Elena bent to help her aunt, but Deirdre waved her away. “I’m fine, but we must hurry. Sunland has been hit hard by the virus. I was in Emain performing diplomatic work when it first surfaced. I wasn’t there when your uncle…”
Her Uncle Beorhtric had been murdered with the virus, and now Deirdre would succumb too if Elena didn’t do something. “Where do we go?”
“To your uncle’s laboratory, where you will find the tools you need.”
“How did you know—”
“The dream. I read your thoughts. I gathered your location and tried to show you the way to my village, but my powers are weak. I came to you instead. I’ve not been gone from Emain long, but time passes differently here.

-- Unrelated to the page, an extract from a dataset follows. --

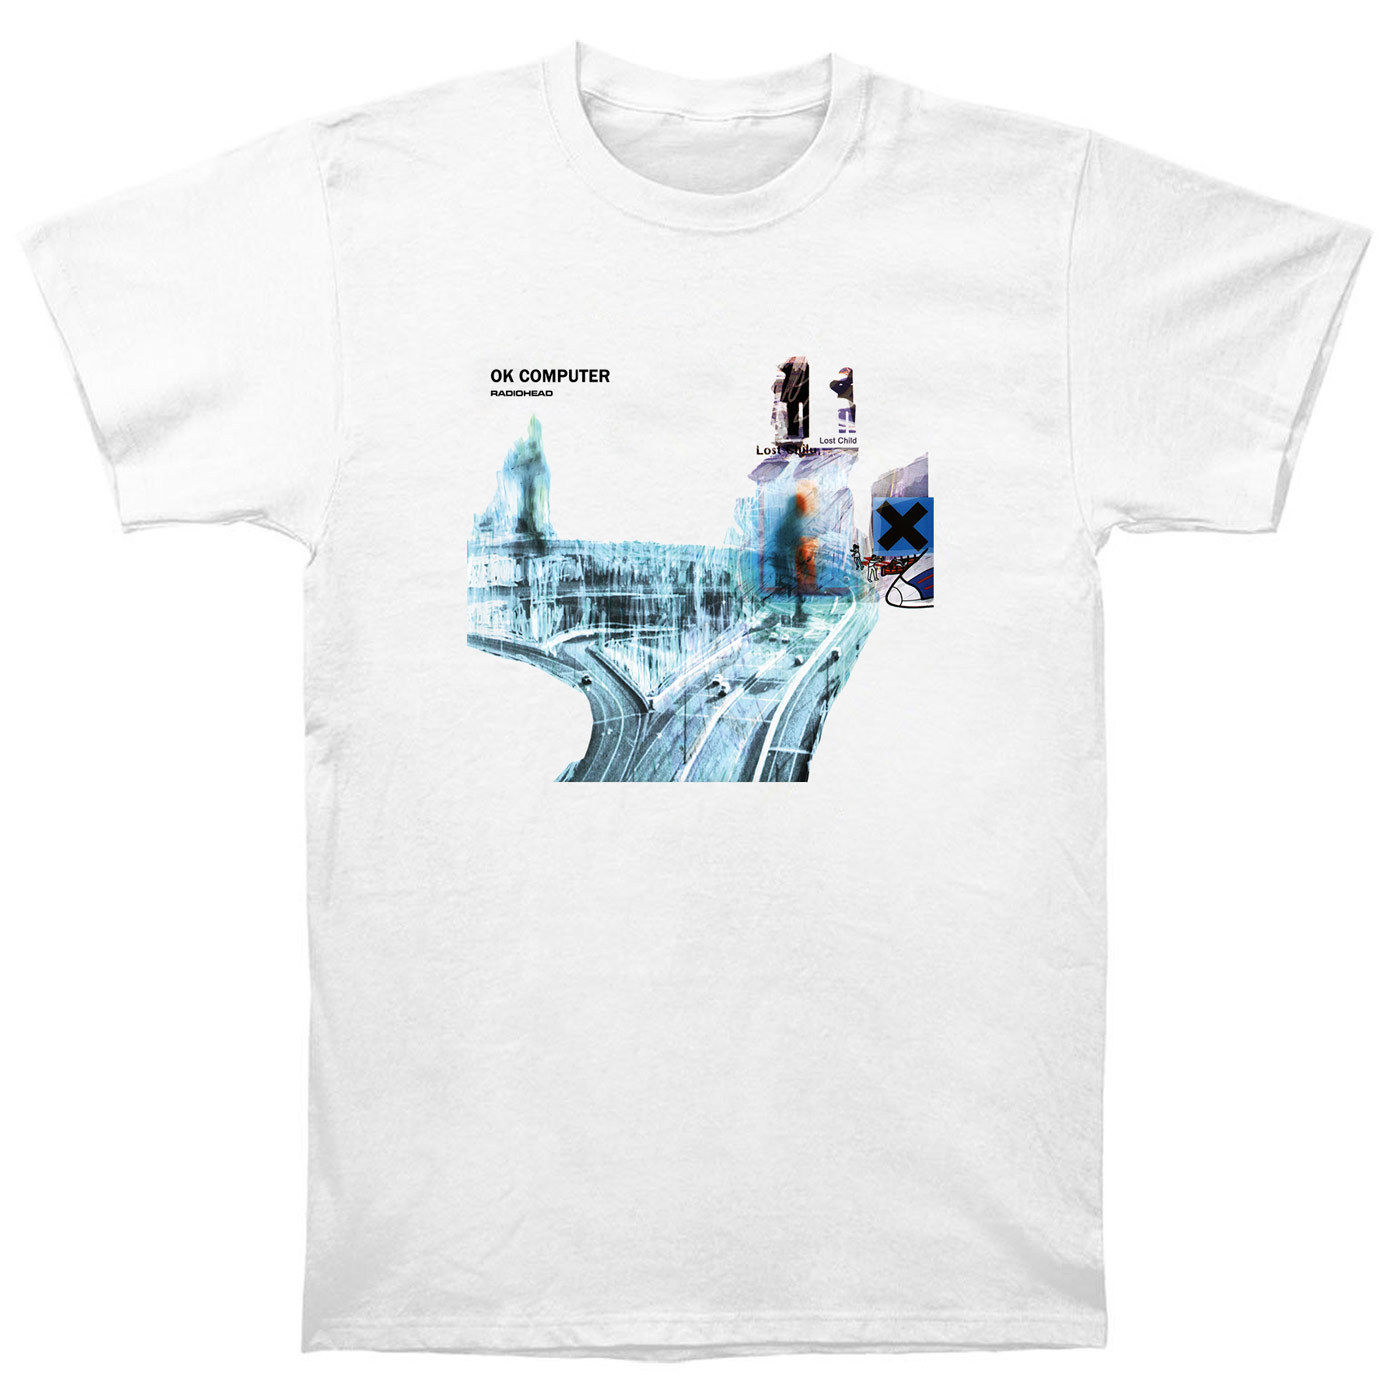 Radiohead Ok Computer T Shirt Cd Lp Vinyl Poster In Rainbows Thom Yorke Druck T-Shirt Männer Sommer Stil Mode Top t

I’ve been infected almost a week now. We haven’t much time.” She paused, her gaze settling on Elena. “I am sorry about your friend…”
Derek. Elena wrapped her arms around her waist. Please let him be okay.
Deirdre was silent as they made their way out of the woods, but her aunt managed a slow jog once they were out in the open. Soon they came to an agricultural field.
Elena stopped, stunned for a moment. The landscape looked so much like the California Central Valley, minus the highways. “This is Sunland?”
“Yes.” Deirdre pointed to a cluster of low buildings in the distance. “And there lies your uncle’s laboratory.”